Einmal fand bereits eine  Großrazzia im Amazon-Verteilzentrum Großebersdorf  bei Wien statt. Im Visier stand nicht Amazon selbst, sondern die Subfirmen, die im Großraum Wien die Pakete ausliefern. Die Finanzpolizei ging dem Verdacht der gewerbsmäßigen Schwarzarbeit nach. Laut Ermittlungsergebnissen der Finanzpolizei von Jahresbeginn heuer gab es 987 Beanstandungen, darunter Schwarzarbeit und Abgabenhinterziehung. "Ich kann mich an keine Kontrolle erinnern, bei der wir auf derartig viele Gesetzesübertretungen gestoßen sind", sagte der Leiter der Finanzpolizei im BMF, Wilfried Lehner. "Das ist einmalig. Bei einem korrekten Beschäftigungsverhältnis geht sich die Kalkulation fast nicht aus", fasste Lehner zusammen.

So reagiert Amazon

Ein Sprecher von Amazon hielt heute zu den Vorwürfen von AK und vida fest: "Die Studie basiert auf nur 15 Interviews von handverlesenen Personen, die für ihre Teilnahme bezahlt wurden. Sie kann daher gar nicht die Erfahrungen der Hunderten von Mitarbeiterinnen und Mitarbeiter kleiner und mittlerer Zustellunternehmen in ganz Österreich widerspiegeln, die jeden Tag Pakete zu Kunden bringen. Wir erwarten ein erstklassiges Arbeitserlebnis, führen eigene Nachforschungen durch und ergreifen Maßnahmen, falls ein Lieferpartner die Erwartungen nicht erfüllt."

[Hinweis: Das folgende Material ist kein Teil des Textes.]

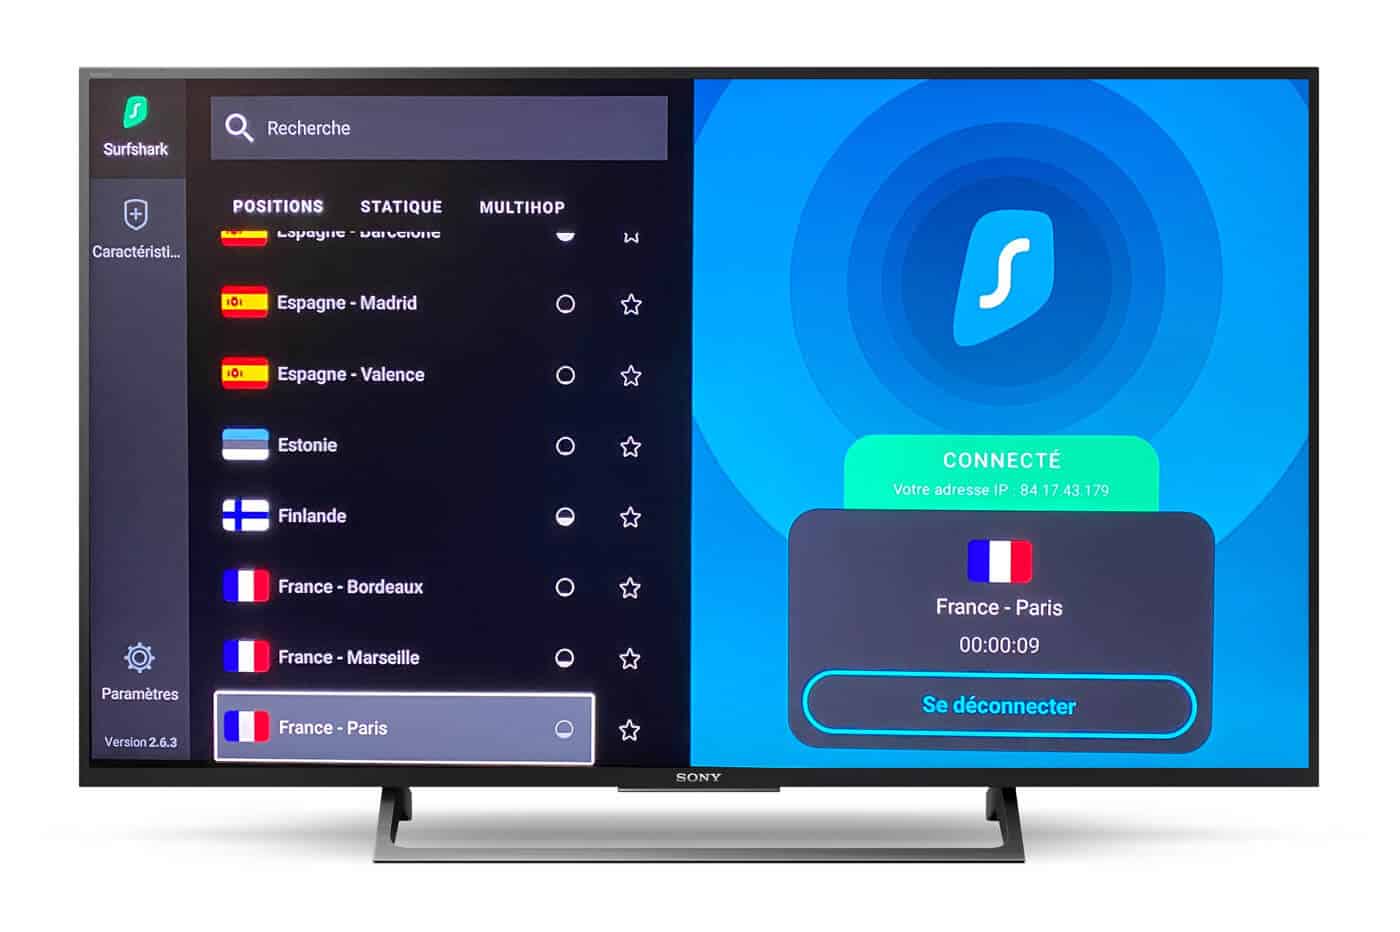 Surfshark-Smart-TV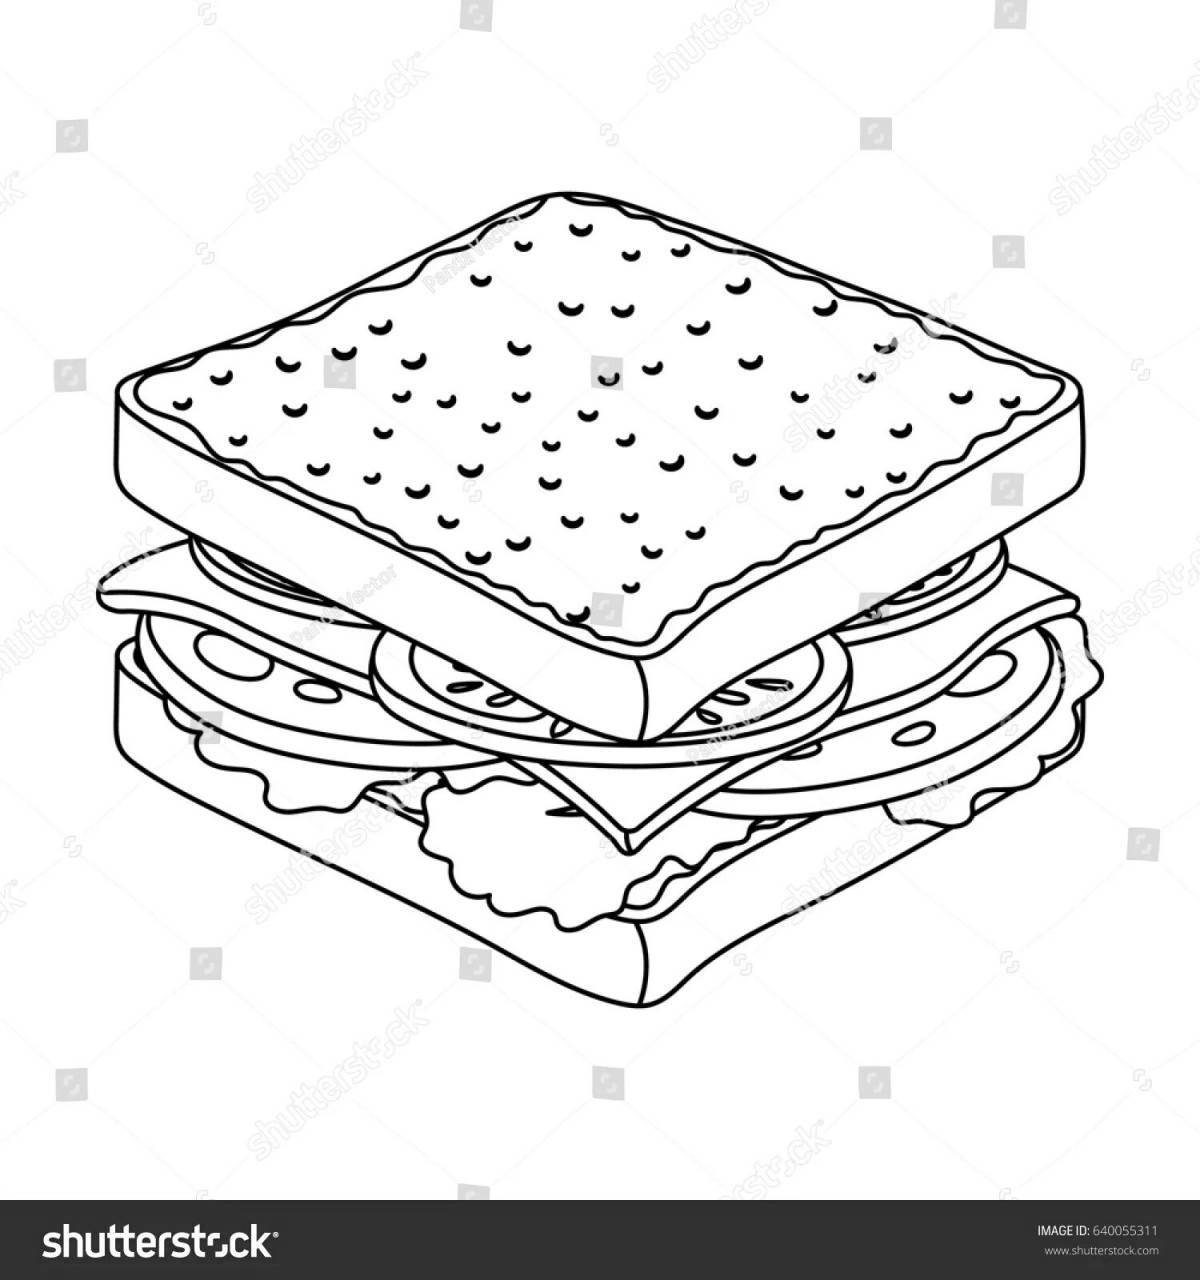 Child sandwich #16

Er betonte, dass Amazon in Österreich mit weniger als 30 Lieferservicepartnern zusammenarbeite, die wiederum aktuell rund 500 Arbeitsplätze sicherten. Zu der Razzia der Finanzbehörden 2020 nahe Wien meinte der Sprecher zur APA, dass bei einer zweiten Untersuchung "fast keine Verstöße" mehr festgestellt worden seien.